PARA CONSTRUIR IMAGENS-SONORIDADES NA LEITURA

Grande Sertão: Veredas
João Guimarães Rosa

João Guimarães Rosa foi, sem dúvida, um mágico-mago do artesanato das palavras. Ler Guimarães é como acompanhar e recriar o processo de lapidação pelas imagens e sonoridades que, na posição de leitores-recriadores, conseguimos produzir. Abaixo um trecho no qual a personagem vê pela primeira um grupo de cavaleiros em movimento: e todas as nossas sensações são chamadas a trabalhar  sensivelmente, prazerosamente!
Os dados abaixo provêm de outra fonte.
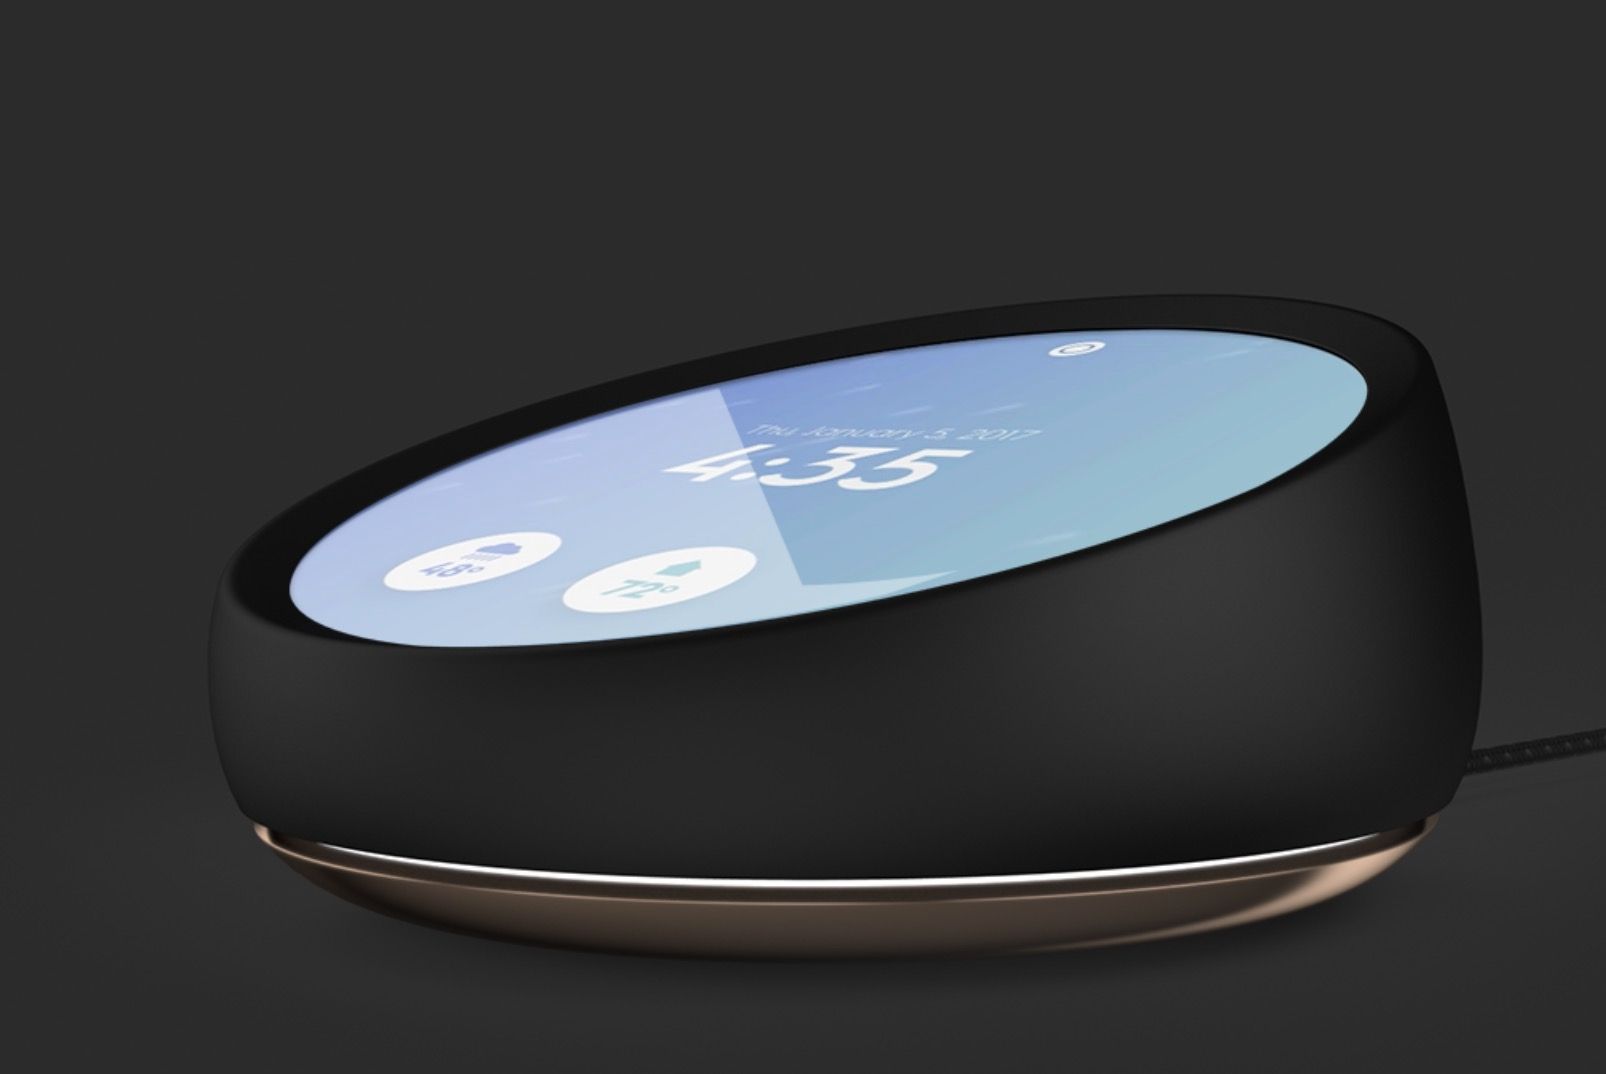 essential made an amazon echo like device called home coming soon image 1

"Aí mês de maio, falei, com a estrela-d'alva. O orvalho pripingando, baciadas . E os grilos no chirilim. De repente, de certa distância, enchia espaço aquela massa forte, antes de poder ver eu já pressentia. Um estado de cavalos. Os cavaleiros. Nenhum não tinha desapeado. E deviam de ser perto duns cem. Respirei: a gente sorvia o bafejo - o cheiro de crinas e rabos sacudidos, o pelo deles, de suor velho, semeado das poeiras do sertão. Adonde o movimento esbarrado que se sussurra duma tropa assim - feito de uma porção de barulhinhos pequenos, que nem o dum grande rio, do a-flor. A bem dizer, aquela gente estava toda calada. Mas uma sela range de seu, tine um arreaz, estribo, e estribeira, ou o cóscós, quando o animal lambe o freio e mastiga. Couro raspa em couro, os cavalos dão de orelha ou batem com o pé. Daqui, dali, um sopro, um meio-arquejo. E um cavaleiro ou outro tocava manso sua montada, avançando naquele bolo, mudando de lugar, bridava. Eu não sentia os homens, sabia só dos cavalos. Mas o cavalos mantidos, montados. É diferente. Grandeúdo. E, aos poucos, divulgava os vultos muitos, feito árvores crescidas lado a lado. E os chapéus rebuçados, as pontas dos rifles subindo das costas. Porque eles não falavam - e restavam esperando assim - a gente tinha medo. Ali deviam de estar alguns dos homens mais terríveis sertanejos, em cima dos cavalos teúdos, parados contrapassantes. Soubesse sonhasse eu?" 


Fonte: João Guimarães Rosa. Grande Sertão: Veredas. (4ª ed.) Rio de Janeiro: Livraria José Olympio Editora, 1965, p. 92.